Yogis, non-yogis, long-term meditators, and short-term 'dabblers' alike will all agree that meditation improves focus. But, until now, no studies had shown how breathing influences attention in the brain. New research explores the neurophysiological effects of controlled breathing.
Lately, more and more studies have confirmed that yoga and mindfulness benefit the brain as much as the body.
Just 25 minutes of yoga or mindfulness have been shown to improve brain function and boost energy levels, for example.
Yoga can make you more resilient to stress, and some studies have even found the molecular explanation for this; practicing either yoga or mindfulness can reduce the genetic changes that lead to stress.
As a wonderful perk in addition to all of the benefits above, meditation may also be the solution to age-related cognitive decline.
A recent study has suggested that the practice can keep our brains healthy and youthful in the long run — but the findings were just observational, so the study could not explain causality.
However, new research may help us to understand the "why" and "how." Some neurophysiological reactions that occur as a result of breathing-centered meditation practices are brought to light in the new study, which was led by Michael Melnychuk, a Ph.D. researcher at the Trinity College Institute of Neuroscience in Dublin, Ireland.

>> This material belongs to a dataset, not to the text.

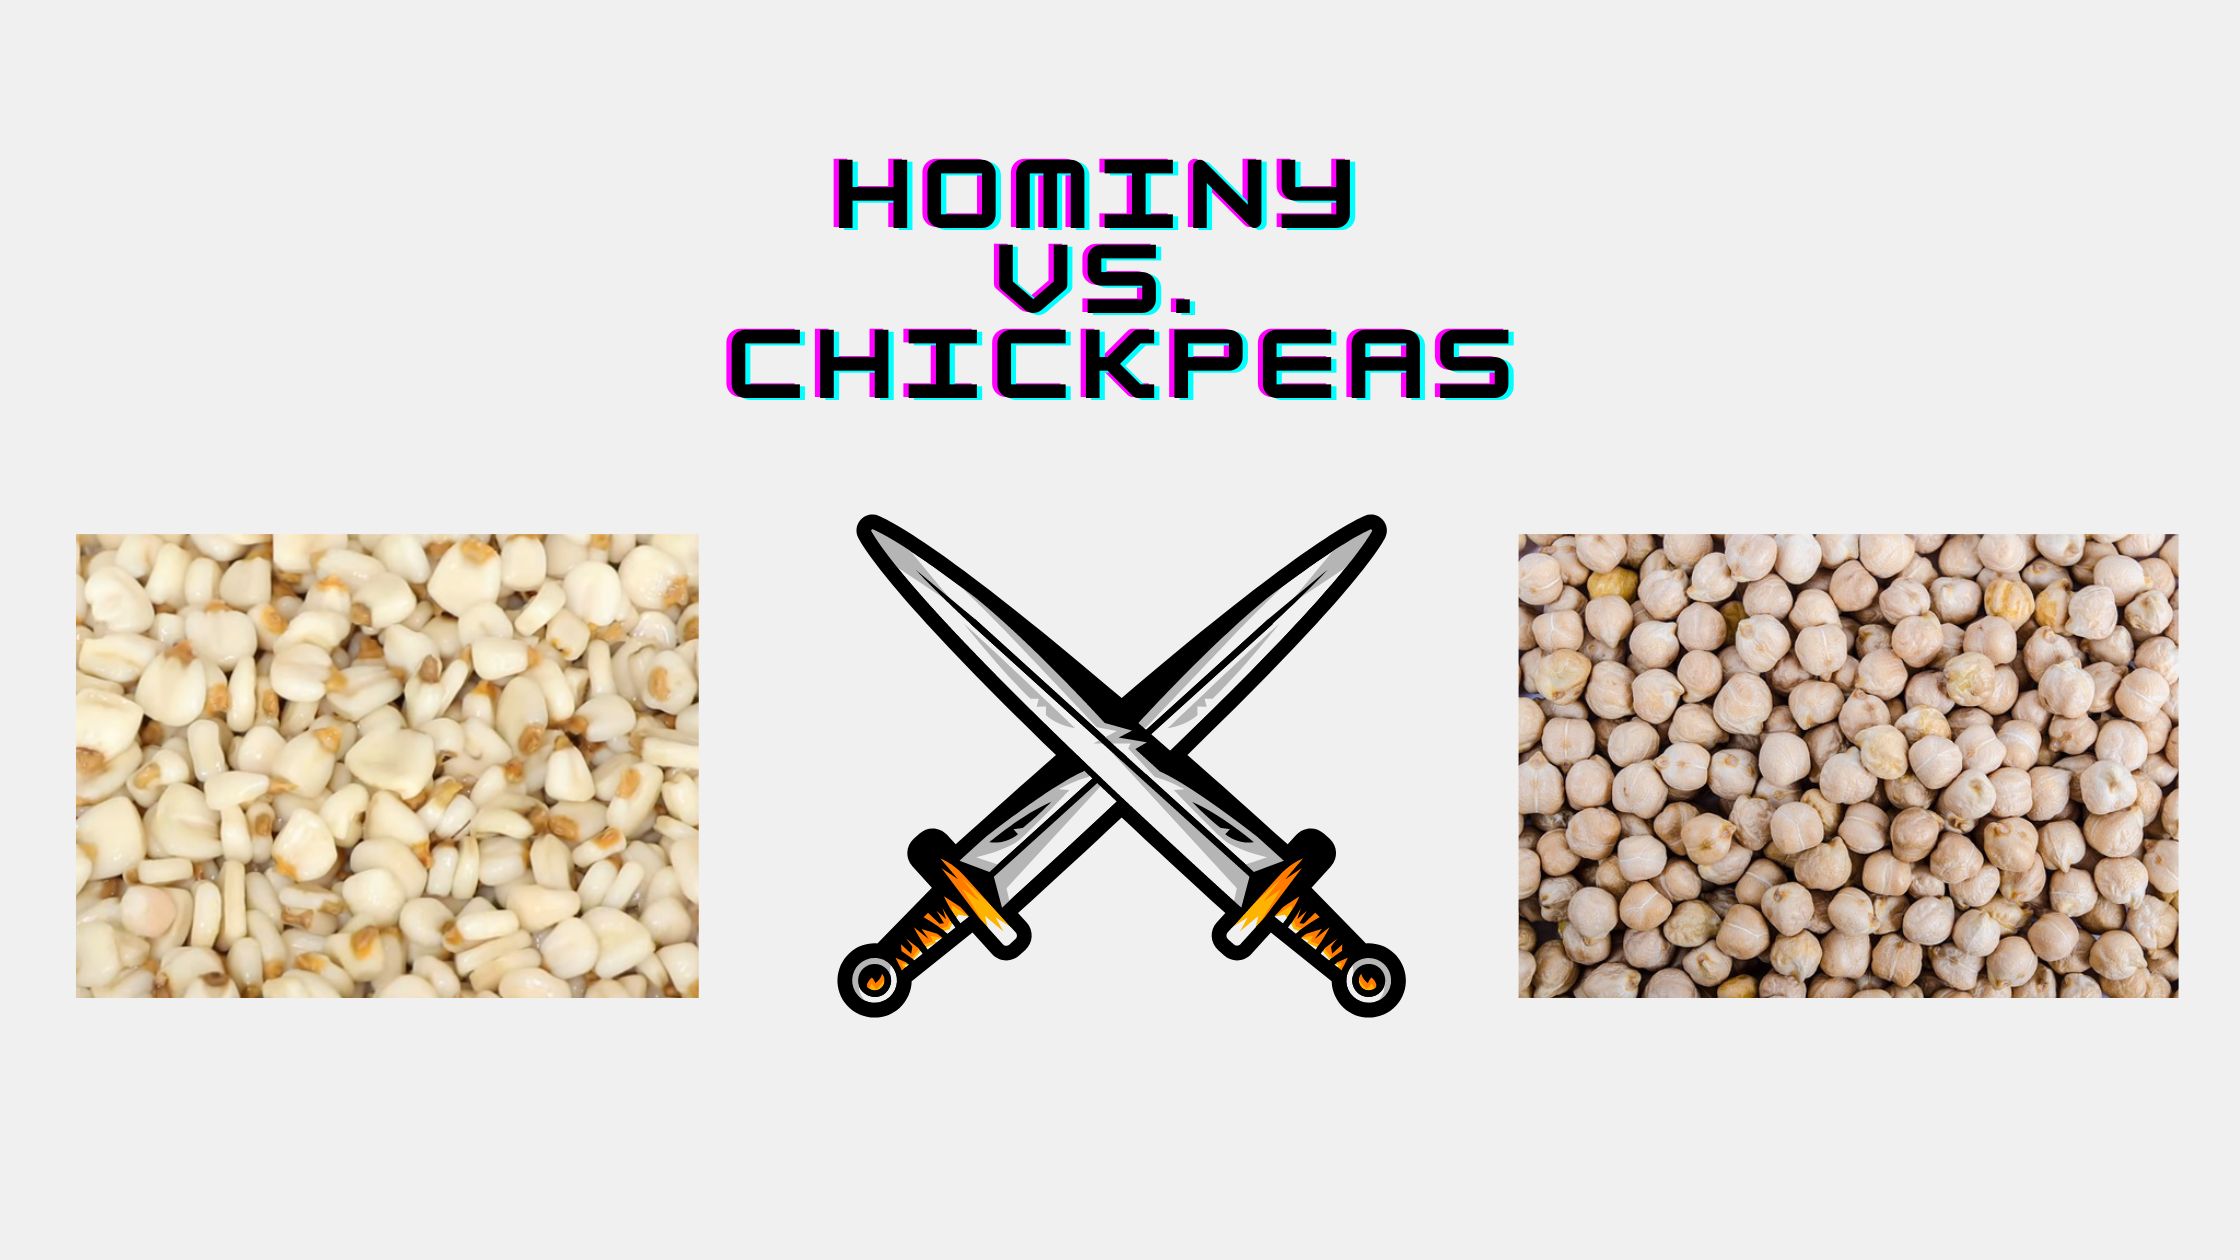 Can I substitute hominy for chickpeas

In the paper — which is published in the journal Psychophysiology — Melnychuk and his colleagues show how controlled breathing affects levels of a neurotransmitter called noradrenaline, a "stress hormone" that can cause our hearts to beat faster and our pupils to dilate when we're excited.
In the right amount, the researchers explain, noradrenaline creates new connections between brain cells, and the study centered on how levels of this neurotransmitter changed in a brain area called the locus coeruleus.
This is the production site of noradrenaline and a region known to be involved in both attention and breathing.
Melnychuk explains the function of noradrenaline, saying, "Noradrenaline is an all-purpose action system in the brain."
"When we are stressed we produce too much noradrenaline and we can't focus," he says. "When we feel sluggish, we produce too little and again, we can't focus. There is a sweet spot of noradrenaline in which our emotions, thinking, and memory are much clearer."
To examine the effect of breathing on attention, the brain's locus coeruleus, and noradrenaline, the researchers used neuroimaging techniques and measured the pupil dilation of participants while they performed cognitive tasks that required great focus.
The researchers monitored and calculated the participants' breathing, reaction time, and activity in the locus coeruleus brain area.
Melnychuk and his team found that study participants who focused better on these tasks had better coupling between respiration patterns and attention. Additionally, activity in the locus coeruleus increased as participants breathed in and decreased as they breathed out.
"Put simply," Melnychuk explains, "this means that our attention is influenced by our breath and that it rises and falls with the cycle of respiration. It is possible that by focusing on and regulating your breathing, you can optimize your attention level and likewise, by focusing on your attention level, your breathing becomes more synchronized."
The researchers explain that their findings help to explain why meditators who practice breathing-centered practices report increased focus and have healthier-looking brains.
Senior investigator Ian Robertson, the co-director of the Global Brain Health Institute at Trinity, says, "Yogis and Buddhist practitioners have long considered the breath an especially suitable object for meditation."
"It is believed that by observing the breath, and regulating it in precise ways — a practice known as pranayama — changes in arousal, attention, and emotional control that can be of great benefit to the meditator are realized."
"Our research finds that there is evidence to support the view that there is a strong connection between breath-centered practices and a steadiness of mind," he continues.
The findings may be useful for treating people with attention deficit disorder, but also for healthy seniors who wish to keep their mind agile well into old age.
"Brains typically lose mass as they age, but less so in the brains of long-term meditators," adds Robertson. "More 'youthful' brains have a reduced risk of dementia and mindfulness meditation techniques actually strengthen brain networks."
Our research offers one possible reason for this — using our breath to control one of the brain's natural chemical messengers, noradrenaline, which in the right 'dose' helps the brain grow new connections between cells."